The Campaign to Protect Rural England (CPRE) is also concerned that the re-opening of these two redundant quarries could set a precedent that could lead to more than a hundred other dormant quarries in English national parks being reopened through the use of open-ended development rights.

Brian Wallace, managing director of Stancliffe Stone, defended the company’s plans, saying: ‘We have adapted our plans to take account of [local] concerns. But we need this quarry as a reserve for when our other [nearby] quarry is worked out in a few years. Sixty-eight jobs are at risk’. John Bull, chairman of the Peak District national park authority’s planning committee, said legal advice was being sought. ‘This is a very sensitive site and we have said that we do not want it worked. But the quarries already have permission to reopen.

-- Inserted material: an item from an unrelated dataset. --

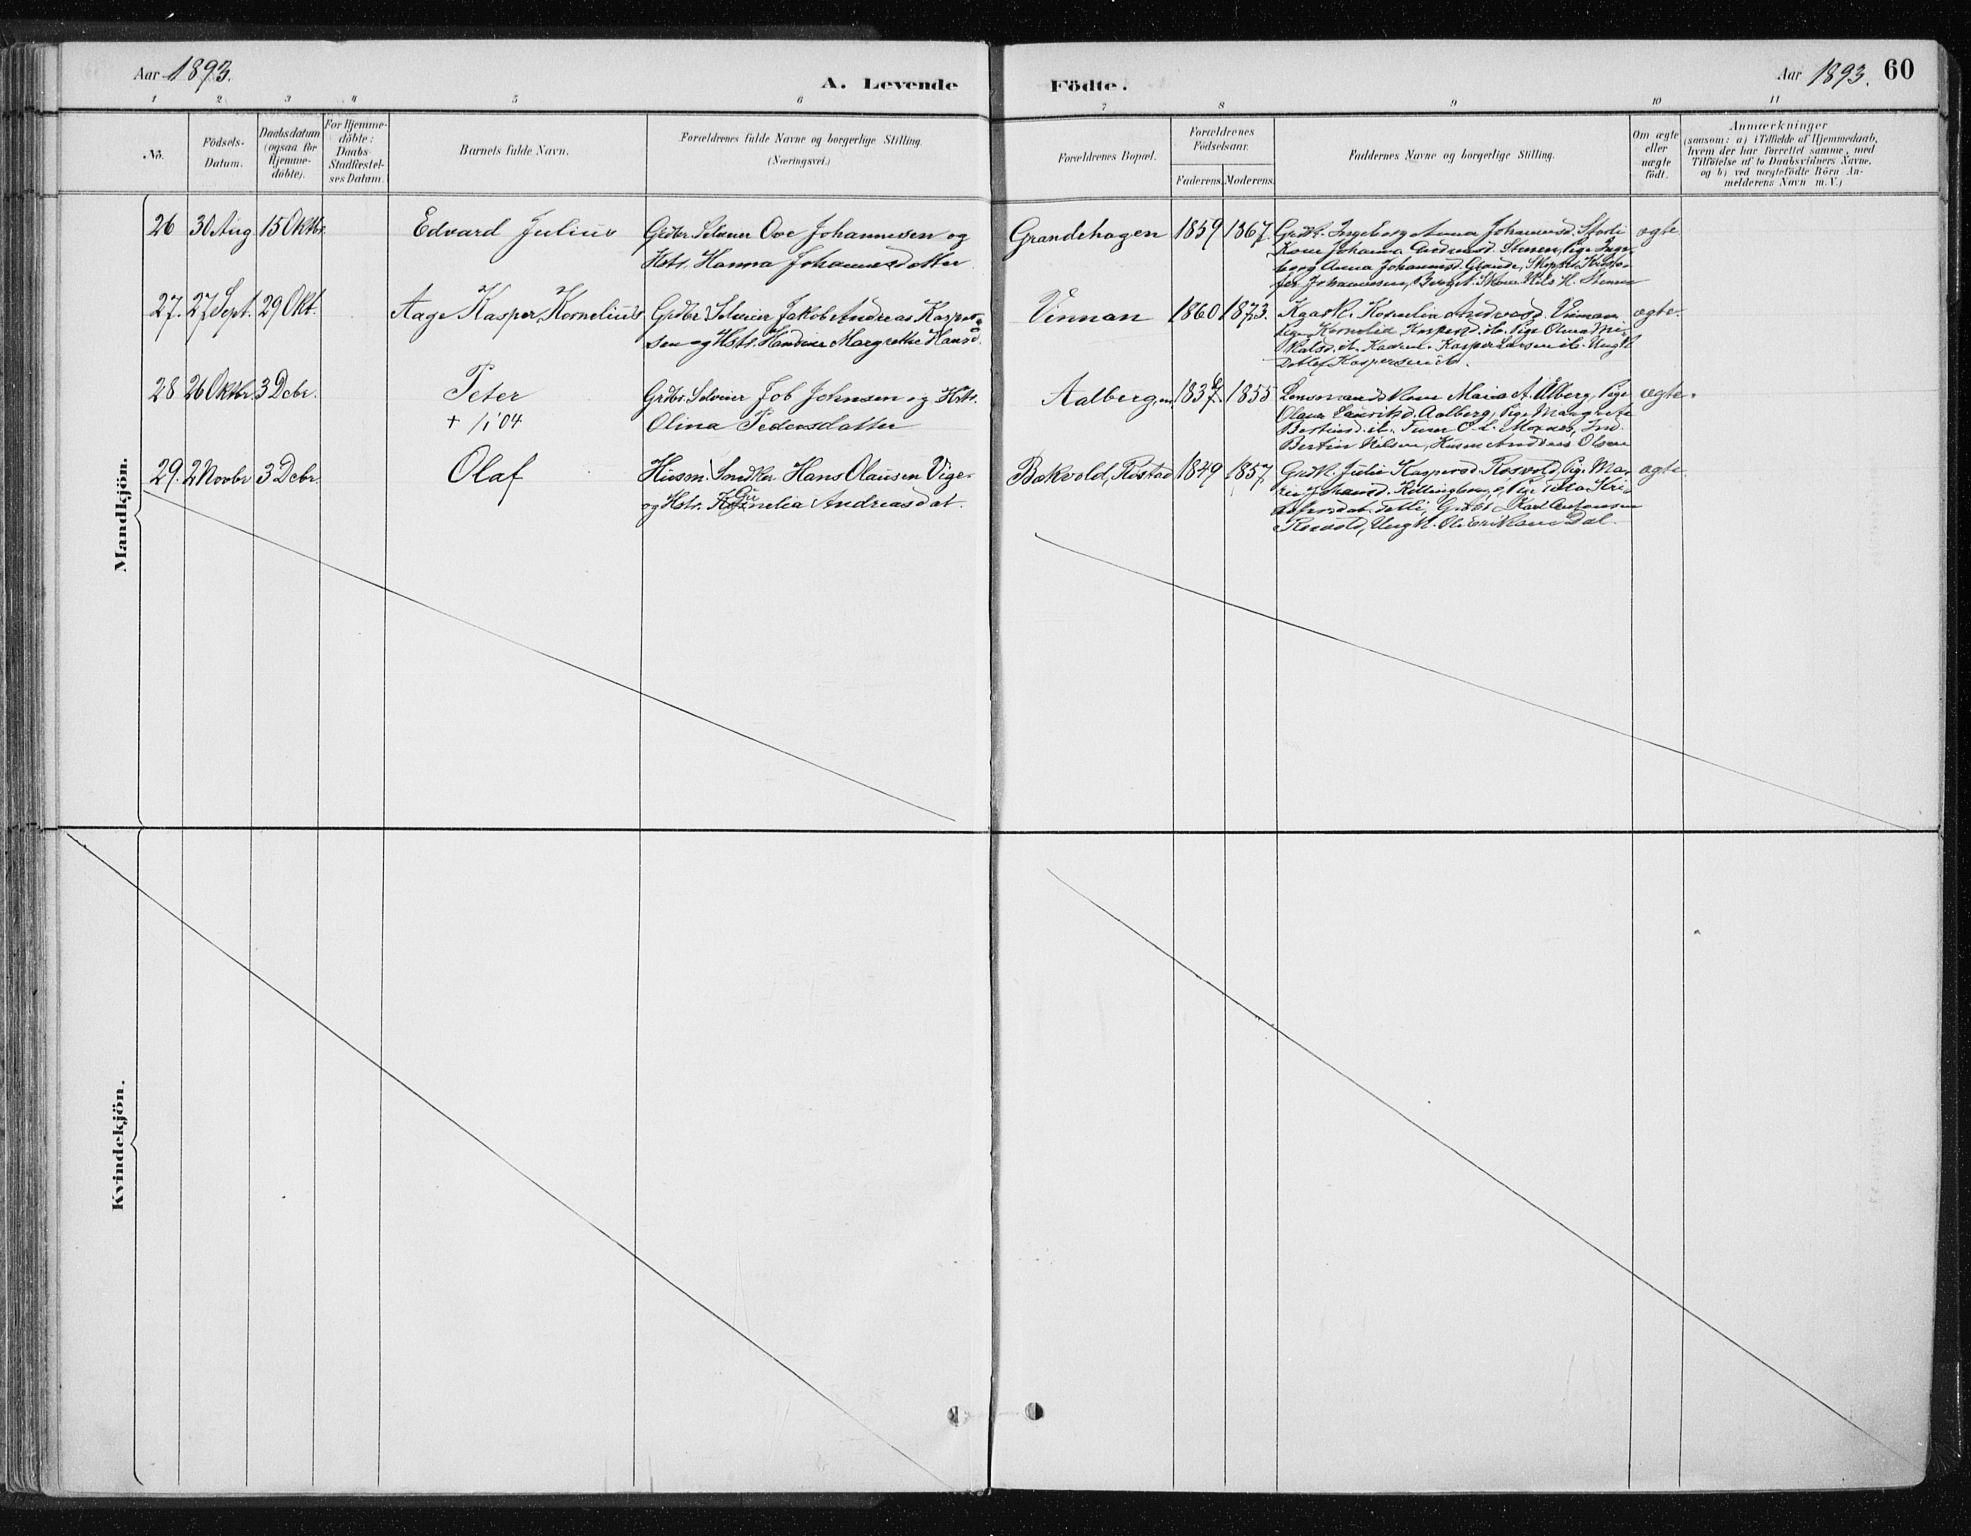 SAT, Ministerialprotokoller, klokkerbøker og fødselsregistre - Nord-Trøndelag, 701/L0010: Ministerialbok nr. 701A10, 1883-1899, s. 60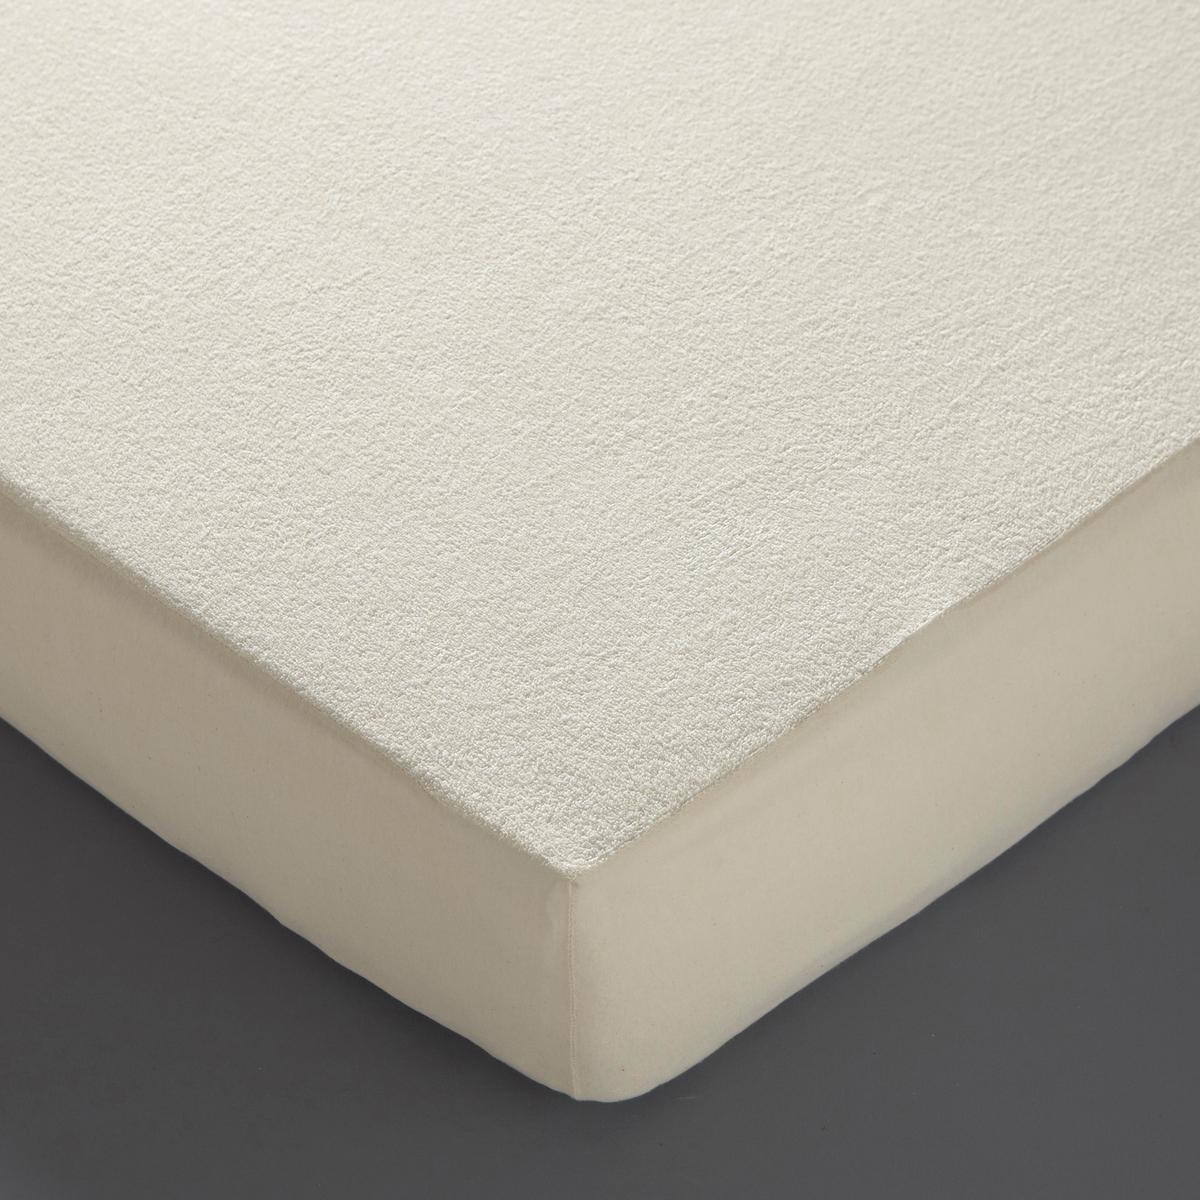 Чехол защитный для матраса из махровой ткани BioМахровая ткань из биохлопка. Характеристики :- Чехол-простыня из махровой ткани 78% хлопка, 22% полиэстера (лямки 100% хлопок) сверху- Дышащая полиуретановая пленка снизу- Клапаны: джерси 100% хлопок, очень эластичный- 80 г/м2- Высота 27 см- На резинках по всему периметру, 4 натяжных уголка.<br><br>Цвет: экрю<br>Размер: 90 x 190 см

It’s not in our power to refuse permission.’ One option under consideration, however, is a land swap which would allow Stancliffe Stone to mine an equivalent amount of similar stone in a less sensitive area.

Lost world discovered under the North Sea

Archaeologists at the University of Birmingham have teamed up with geologists and engineers to devise a virtual reality reconstruction of the prehistoric landscape that now lies beneath the North Sea. Before it was flooded by glacial melting some 8,000 years ago, the North Sea consisted of a large plain drained by a river comparable in size to the Thames or the Rhine. The river channel has provisionally been named the Shotton River after the University’s pioneering geologist and archaeologist, Professor Fred Shotton.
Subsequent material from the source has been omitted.